People aren’t watching these films for the character or plot though – just as well as the film doesn’t really have either – but the special effects. These are impressive, I suppose, as the storm rips through sets, throws CGI buildings around and generally makes for loud and impressive noise. The film has a sort of goofy wit at times – at one point a CGI cow is blown through the sky in front of the Hardings, mooing rather sadly.

There are some decent set-pieces, even though they are basically all the same set-piece repeated over and over again at a different scale (first the storm blows over a car, then a building, then a village, then most of a town while our heroes duck and cover their heads).
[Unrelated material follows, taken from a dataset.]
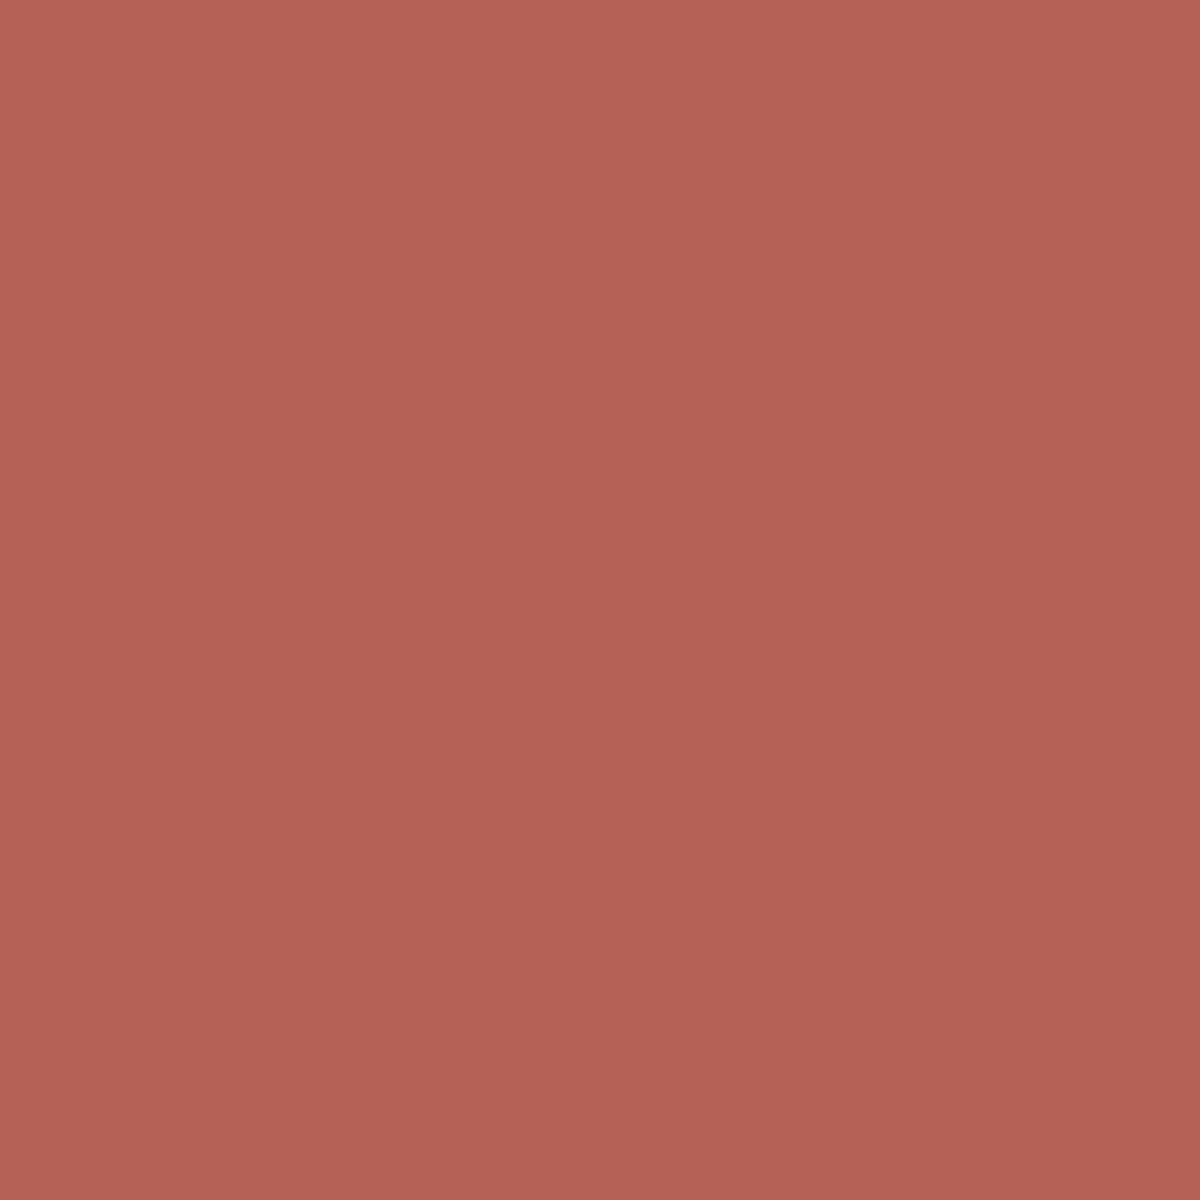 Crimson 1299
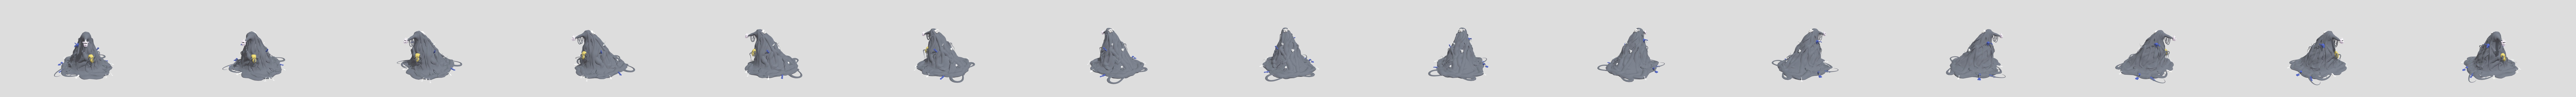 The blob (molten freddy, ennard) - 3D model by lucariomodel999  (@lucariomodel999) [d6398e9]

Lots of it was done with practical effects, shot with an alarming lack of regard for safety – Hunt got an infection from being flung into a drain and she and Paxton were temporarily blinded by a burst of artificial lightning.

De Bont directs all this with a personality-free competence. The film is at absolute best less than half as good as his first film, Speed – and de Bont’s subsequent film, The Haunting, would be half as good again in a career of ever-diminishing returns. Twister offers nothing new or even particularly interesting, other than some wind special effects that are of passing curiosity value but nothing else. It’s almost quaint that, in 1996, this was seen as something earth-shatteringly impressive. Now it’s as fearsome a burst of raw natural power as a fart.